1 - Re-sourcing through natural elements / risks
The natural and vital elements of water, air, earth and fire are today linked to risks and disasters which affect places, and the entire ecosystem of milieus from the moment that are triggered cataclysms, resulting from deleterious developments. In order to enable a new alliance with inhabited milieus, it is time to rethink these vital elements, by finding logics of adaptation with the built environment, and by combining them together in projects.
2 - Re-sourcing through ways of life and inclusivity
The reconsideration of living conditions also requires sustained attention to changes in lifestyles in a hyper-connected digital world. Arrangements capable of simultaneously preserving intimacy, commonality and solidarity are at stake, correlated with bioclimatic and permacultural strategies in which humans and non-humans can cooperate.
3 - Re-sourcing through materiality
The already built now constituting a phenomenal source of materials, it is important to design devices for transforming existing buildings driven by the strategy of the 3 R’s (Reduce, Reuse, Recycle): Reduce new construction. Reuse in the sense of reusing already constructed spaces and materials. Recycle by using bio-geo sourced materials (earth, stone, fiber), anticipating deconstruction and becoming local again (mobilizing know-how and materials present on the sites).
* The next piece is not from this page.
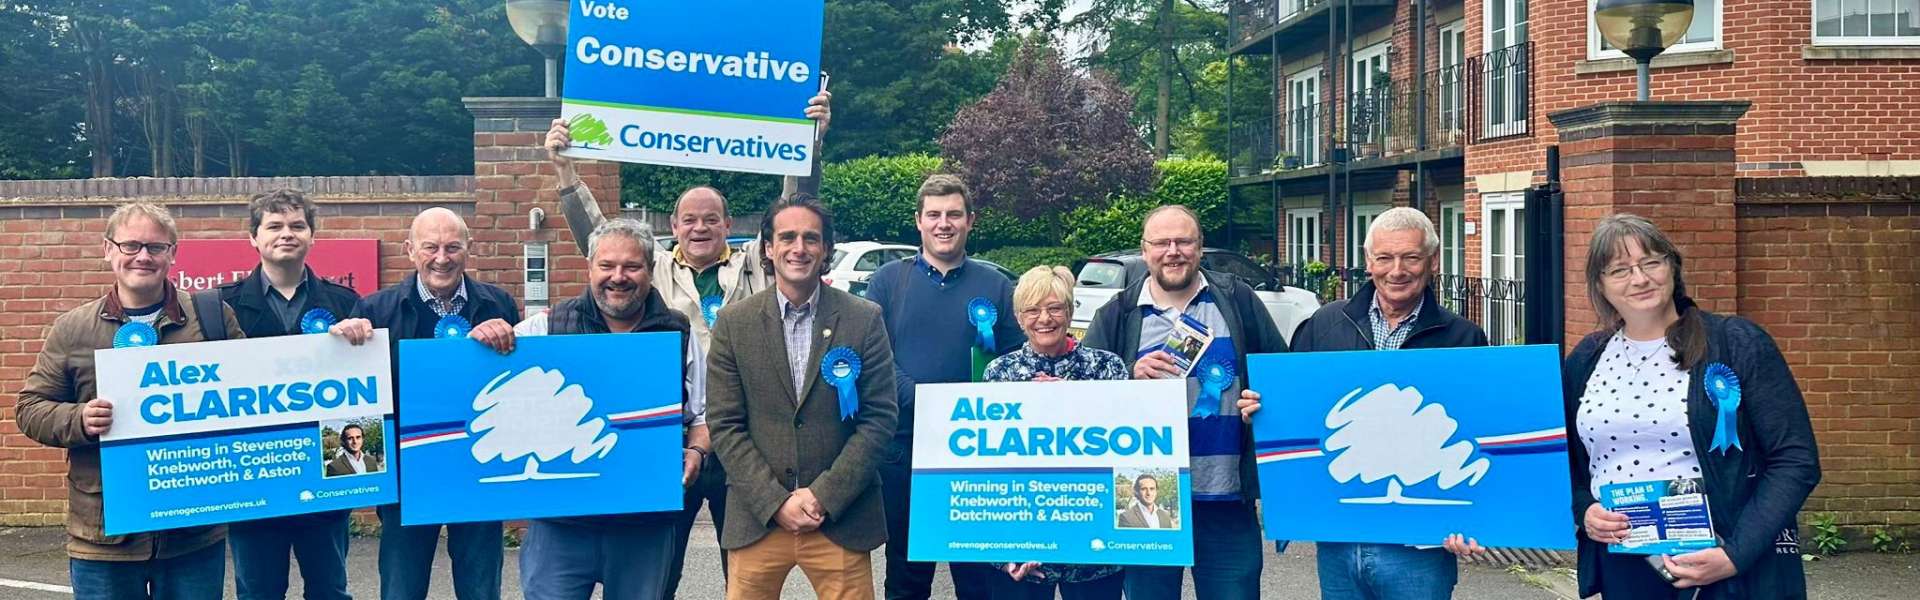 Alex Clarkson with campaign activists in Knebworth

This is to promote the preservation of natural resources.Each site will be presented at two scales:
— The territorial scale of the “reflection site” (red limit) which will reveal the geographical and ecological elements (topography, geology, natural elements, etc.), the logic of mobility and large-scale lifestyles –using maximum mapping– and which impact the project site today and, potentially, in the future.
— The proximity scale, that of the “project site”, where the existing situation (physical space, nature, lifestyles) and the city’s intentions for its development in the future will be presented in a clear and precise manner.
Questions to the competitors
The challenge for competitors, in their project-processes, will be to converge the three types of resources because it is their intersection which will generate a promising spectrum of resilient projects in the face of the scarcity of resources and the vulnerability of sites.
The questions asked are:
.What are the new ways of designing to adapt to climate change: rising water levels, air pollution, drought, etc.?
.How to introduce into projects the regeneration and remediation of soils making them more porous and alive, increasing the biodiversity in the built spaces, in order to make them more livable?
.How can we imagine new dynamic and productive use scenarios to revitalize communities of humans and other than humans?
.How can we invent a new materiality of the spaces that can result from the use of bio- materials originating mainly from local resources and falling within the logic of a circular economy?
.How can we hybridize inside the teams the different skills necessary for these projects which combine the consideration of natural elements, new lifestyles and the use of bio- materials?
.Which scales should be mixed to make the proposed answers relevant? Can a project on a proximity site be combined with reflection on the larger scale of the territory? Should an urban project also be available on a proximity scale to illustrate its impact?